Saturday, July 18, 2015

Saturday, 7:00am-9:00am

The usual crew was out in full force this morning, chirping and sitting on the electrical cords, since fairly early in the morning. Maybe they are less likely to leave because the street is quieter on Saturday. There is, however, one couple that flies together everywhere, courting and playing each other, which I find interesting. Apparently, we're at the very end of mating season, so it's not impossible that some late bloomers are still pairing up and getting ready.

Odds are that these folks are not mates for life, but it's not entirely impossible. Carola Haas found that, while robins are not lifetime monogamists, there are some "repeat players" who meet and mate again the following year, especially if their previous mating stint had been successful. If this couple decide to mate and build a nest, even this late in the game, they'll have lots of great spots to choose from.

They'll have to consider the location pretty carefully, because predators abound (and by that I mean birds, not Spade and Archer.) I've read about an interesting experiment conducted by Ian McLean, James Smith and Glenna Stewart, who examined mobbing behavior among nesting robins. When robin couples mob nest predators, one of the unfortunate side effects is that their mobbing calls are a cue to one of their worst predators, the northwestern crow. So, robins have to balance the costs and benefits of mobbing behavior. After confirming that robins mob human "predators" similarly to crow ones, McLean et al. "mobbed" nests of the same couple during the same nesting cycle, or in subsequent nesting cycles.
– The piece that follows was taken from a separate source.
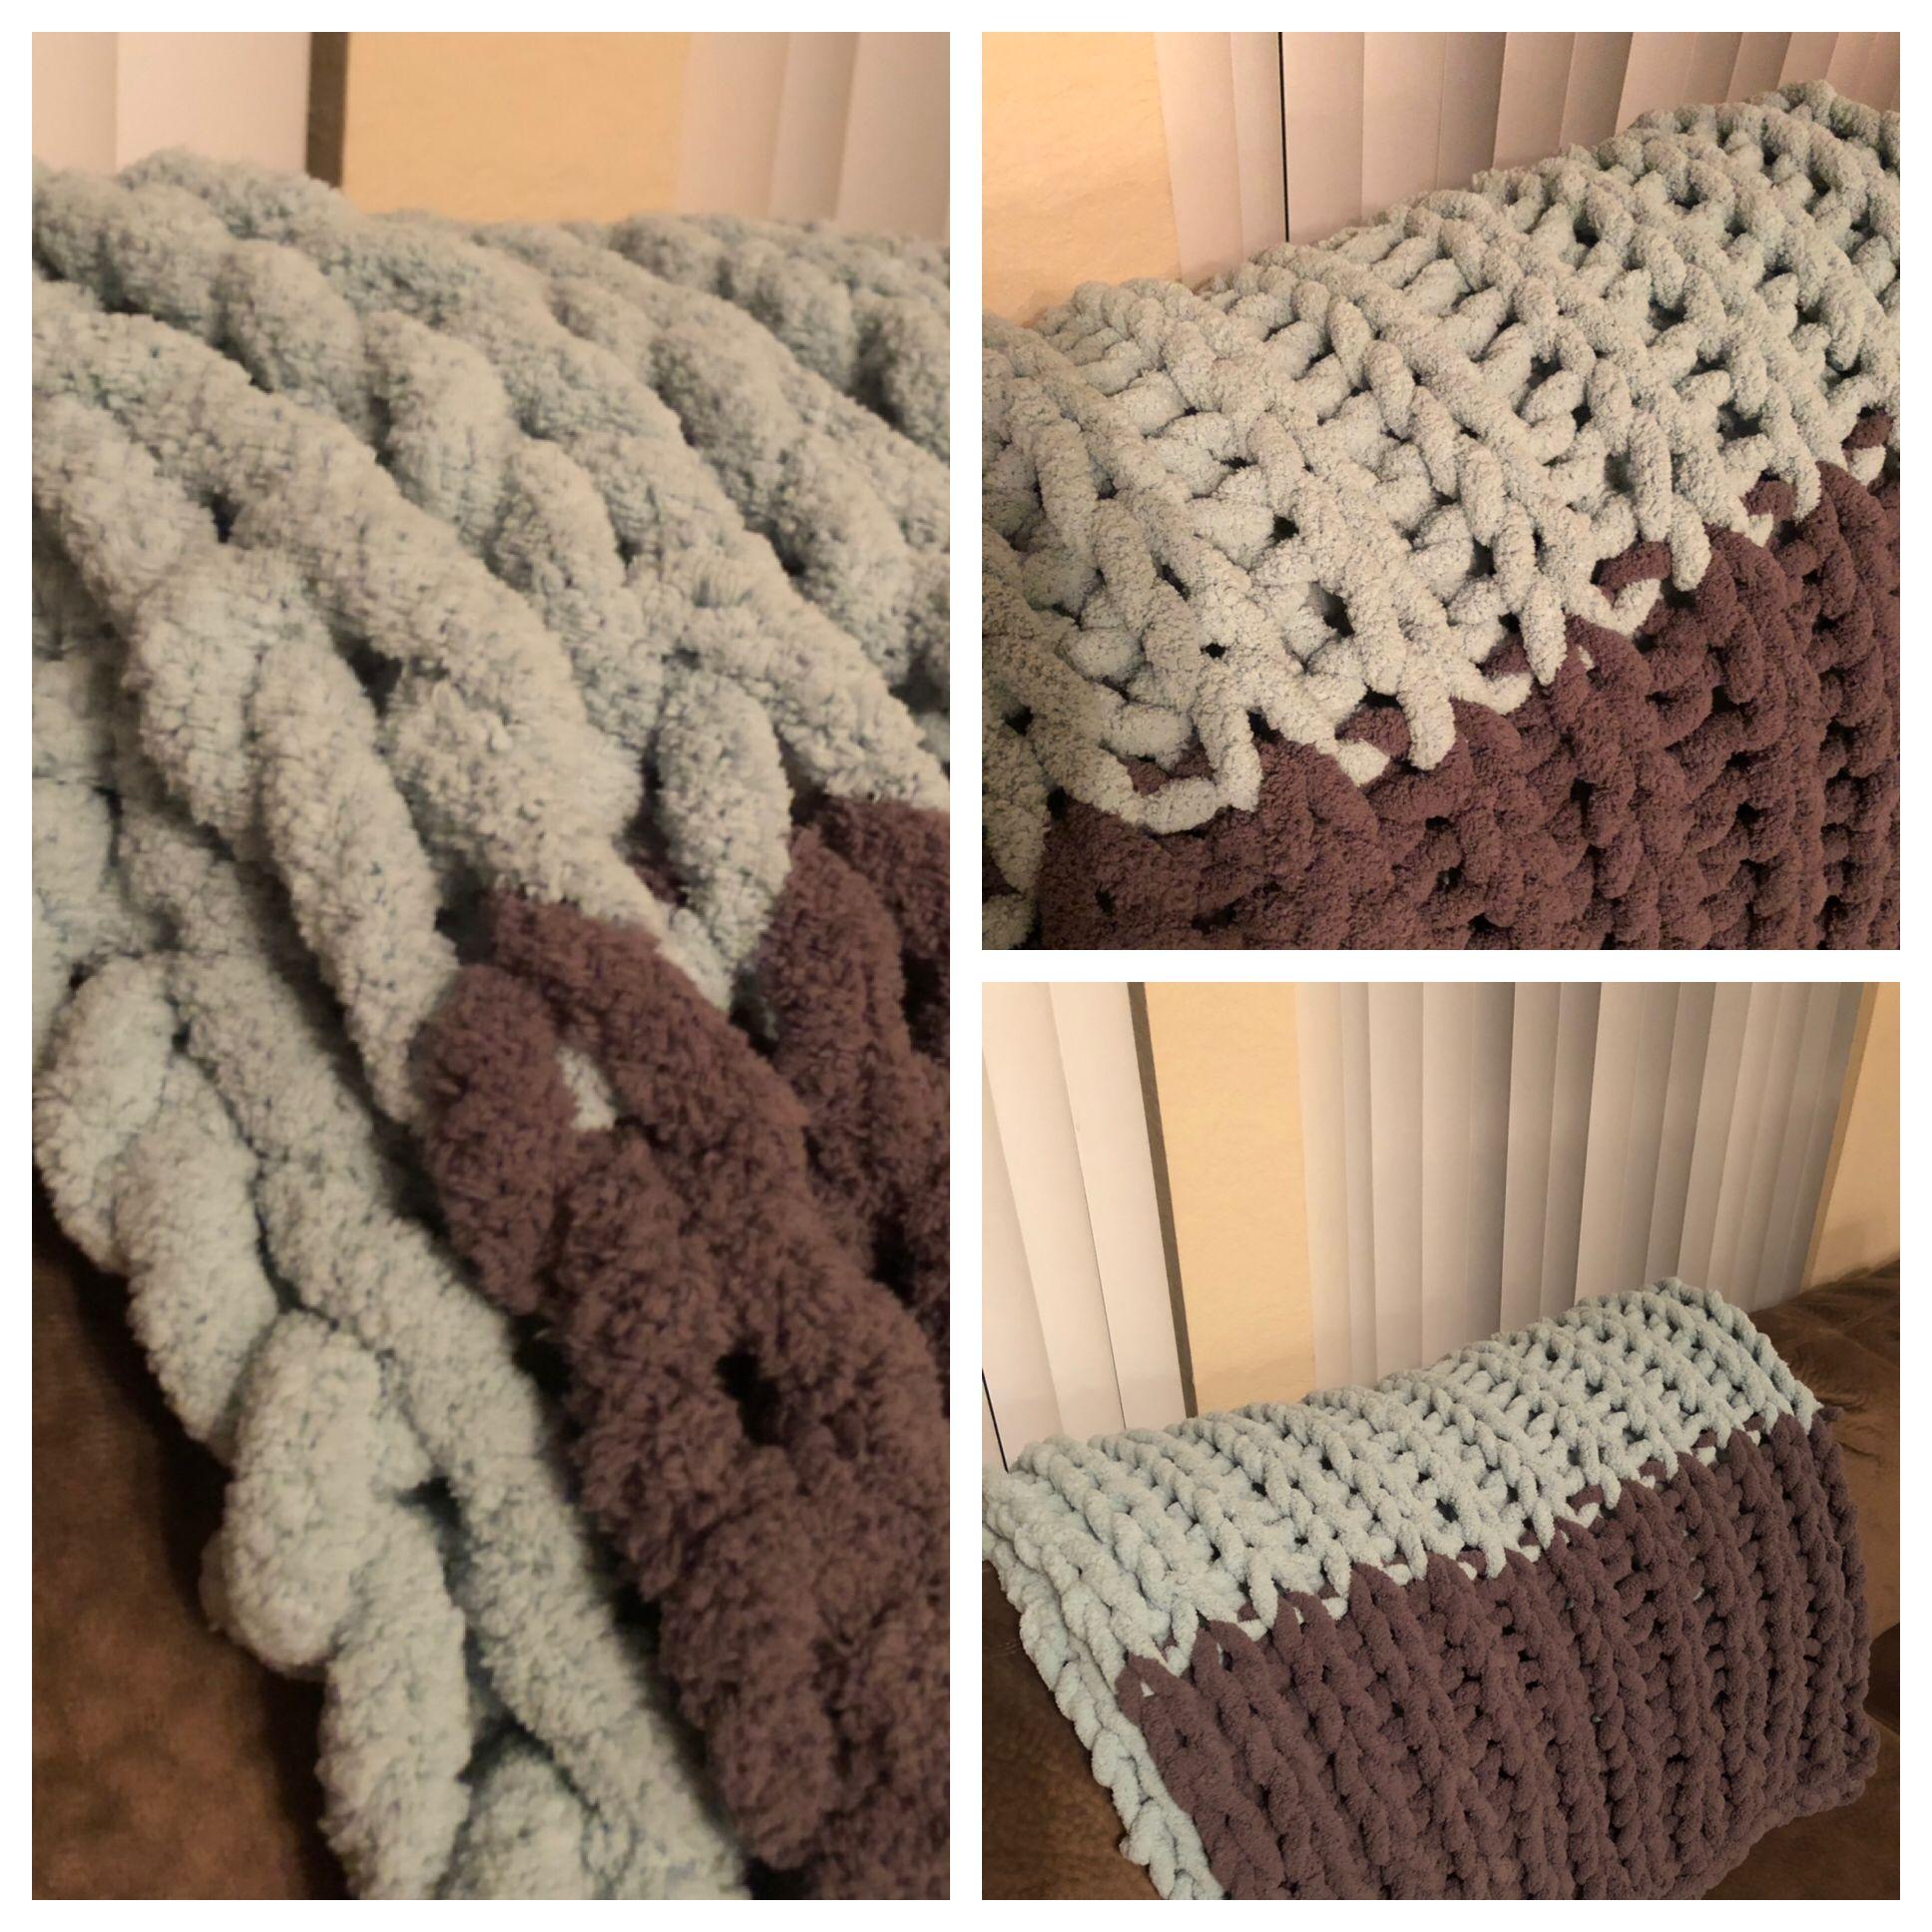 Chunky Blanket Arm Knitting Bernat Big Blanket Big Yarn From Michael S Chunky Blanket Arm Knitting Blanket Big Yarn

They found that, in the course of the same nesting effort, the robins' response is fairly constant, but across nesting cycles it changes, indicating that mobbing is not just an expression of a particular robin's aggressive character but an outcome determined by many environmental factors, including nest location. The experiment did not find a correlation between mobbing behavior and nesting success, but since the "mobbers" were the humans controlling the experiment that does not surprise me; it very well may be that, in real life, where mobbing or not mobbing has real repercussions, robins are evolutionarily programmed to mob or not mob with the potential effect of mating success in mind.


As I came to the end of today's shift, only one bird remained on the electric cords (it's a beautiful specimen with gorgeous, shiny bronze plumage on its little chest) , but the other birds, including, possibly, the couple, are not far away, judging from the chirps. At this point I can already tell the robin chirps from everyone else's, even though whenever something exciting happens in the yard or out in the street everyone emits an alarm call at more or less the same time. Even though the alarm calls are emitted to protect one's own species, they are probably taken as cues by other types of birds who then emit alarm calls of their own to their own family members.